───── Record excerpts

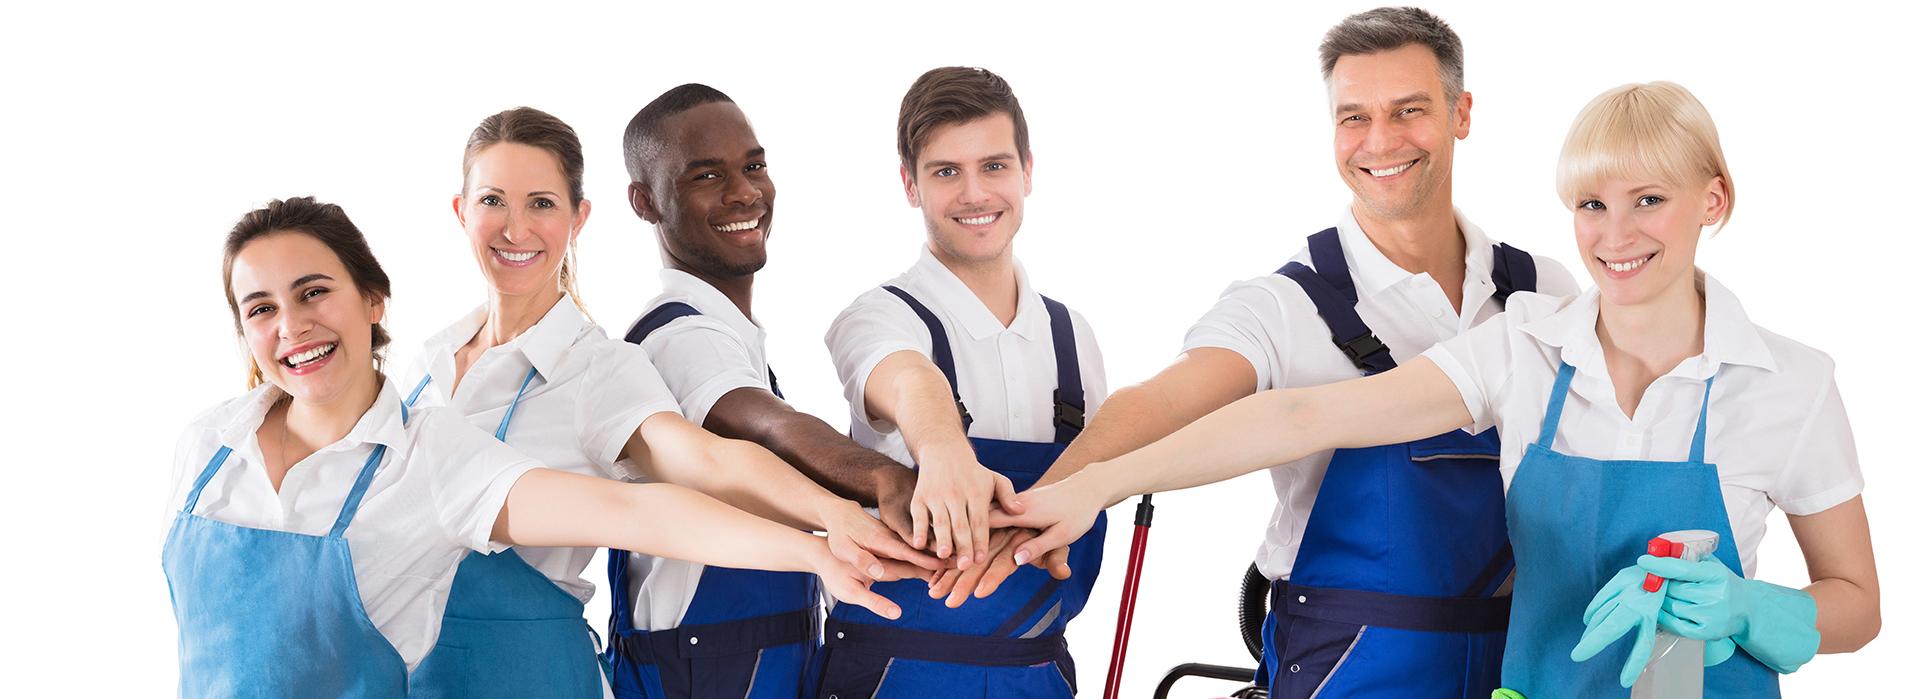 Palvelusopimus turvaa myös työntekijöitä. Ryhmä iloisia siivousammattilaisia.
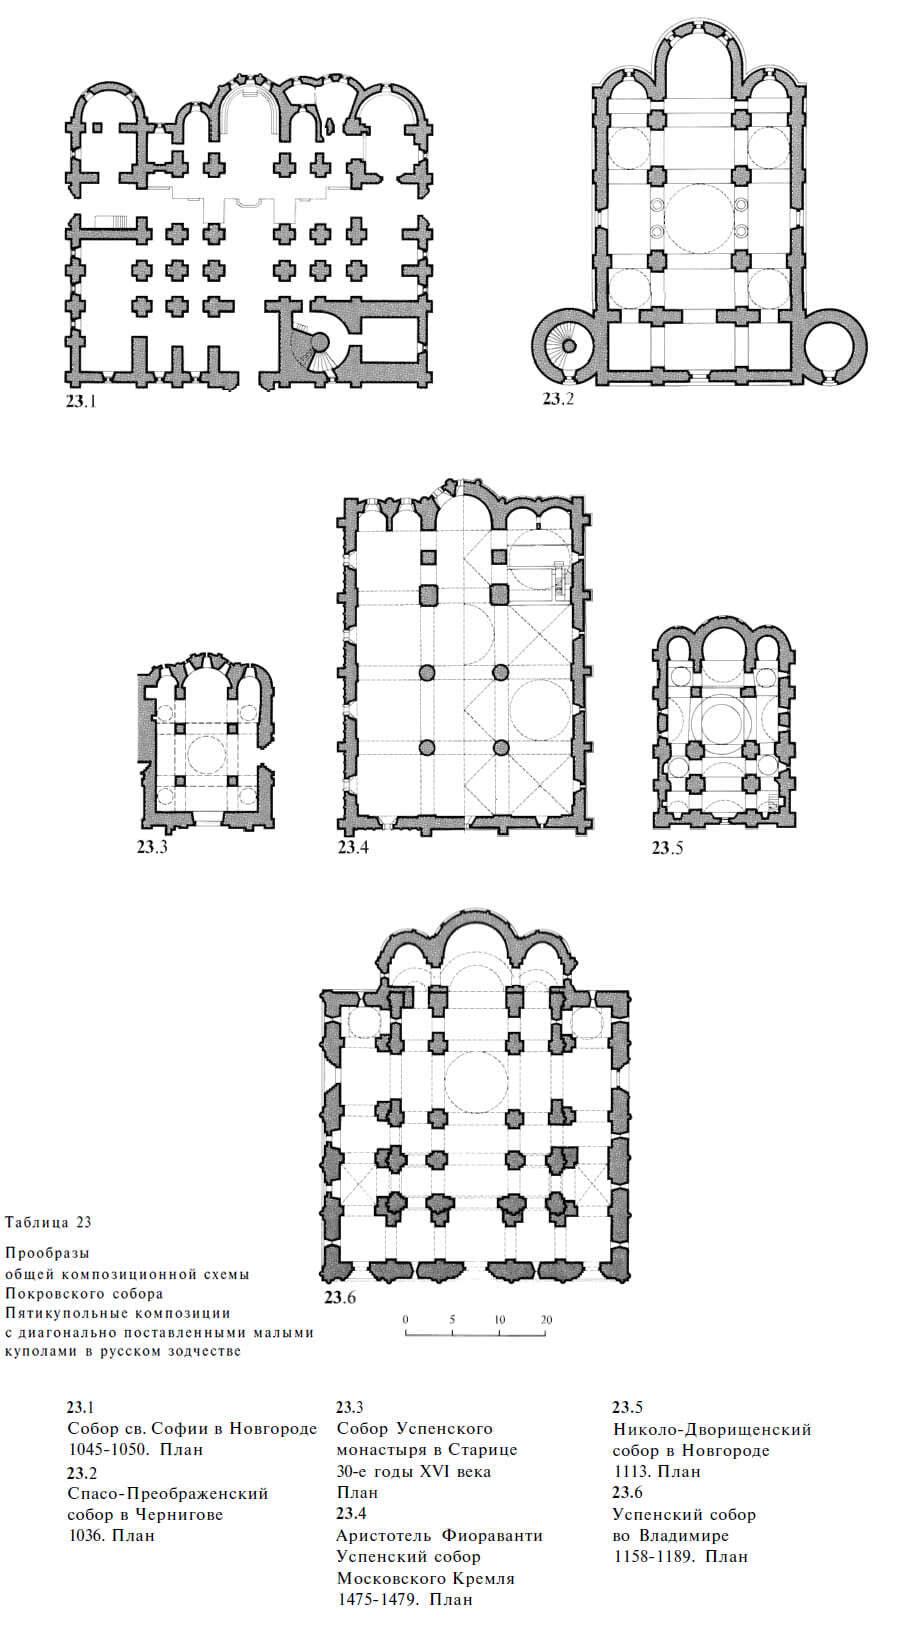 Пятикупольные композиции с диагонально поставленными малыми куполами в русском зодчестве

──────────
───── Record excerpts

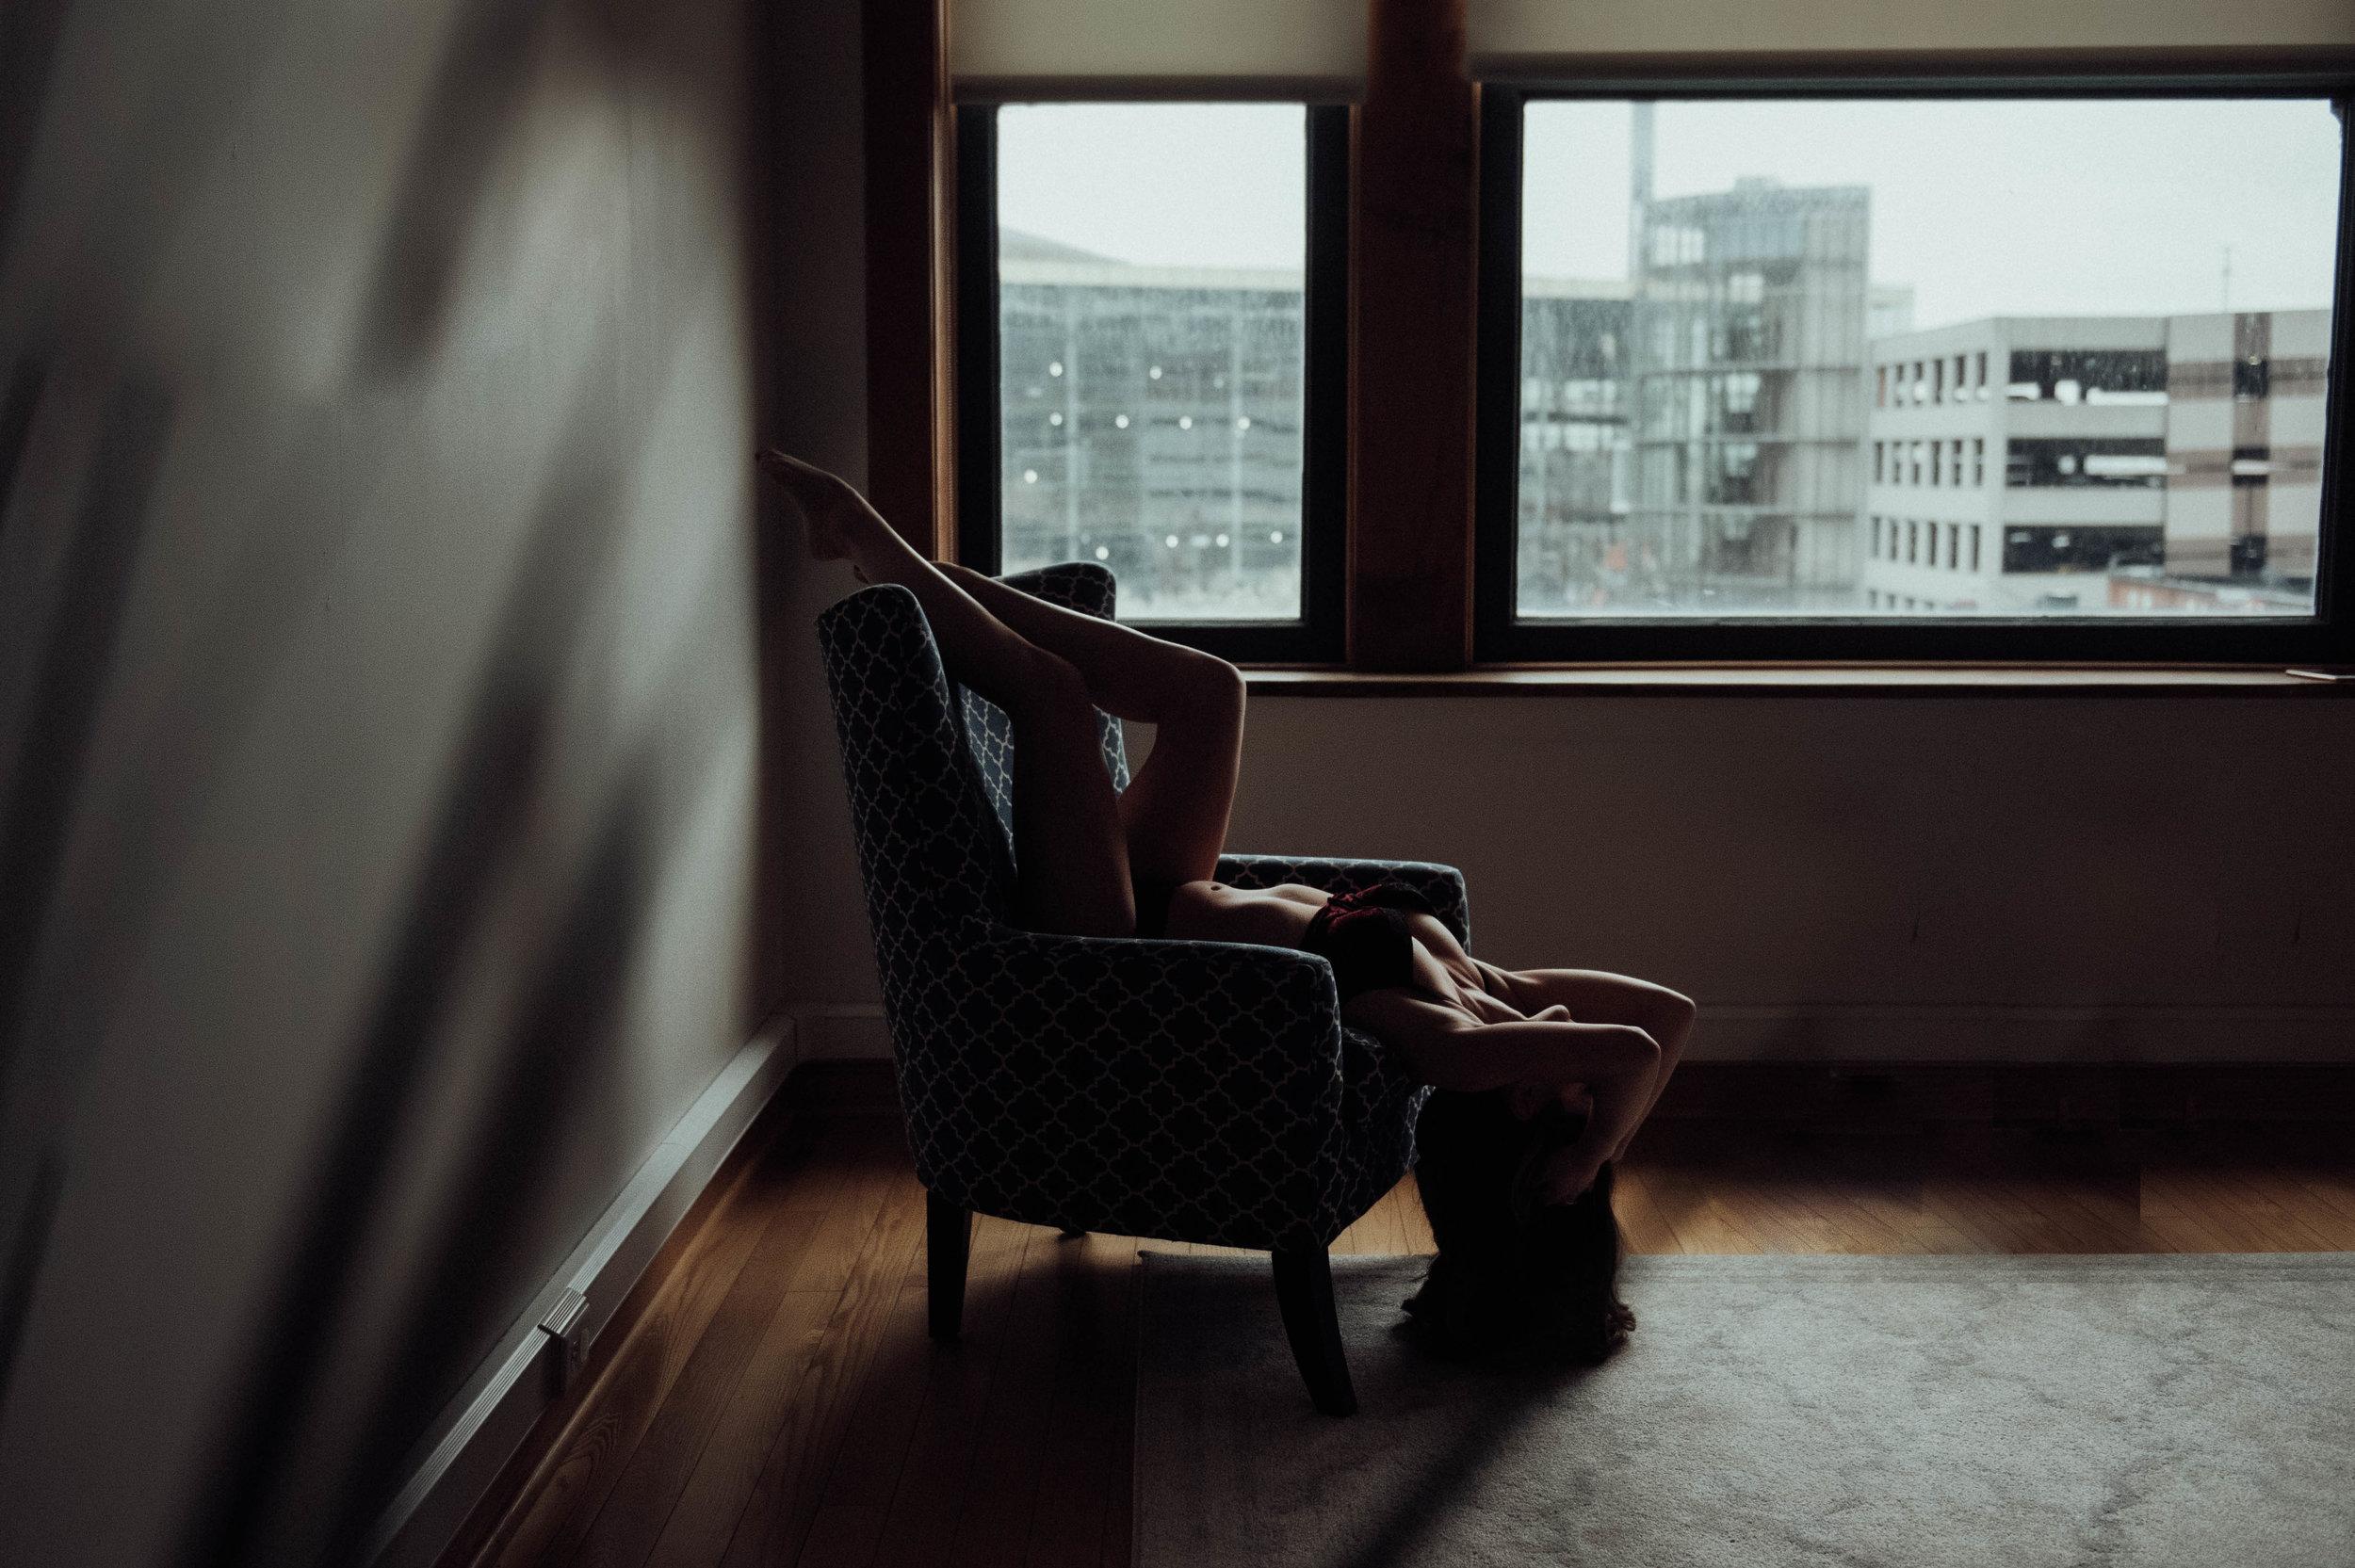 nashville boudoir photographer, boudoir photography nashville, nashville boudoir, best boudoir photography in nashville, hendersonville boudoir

──────────

- Task statement
Of the lines above, copy only those from the one holding "Palvelusopimus turvaa myös" to the one holding "Пятикупольные композиции с", both included, and exclude every image.

- Task answer
 Palvelusopimus turvaa myös työntekijöitä. Ryhmä iloisia siivousammattilaisia.
 Пятикупольные композиции с диагонально поставленными малыми куполами в русском зодчестве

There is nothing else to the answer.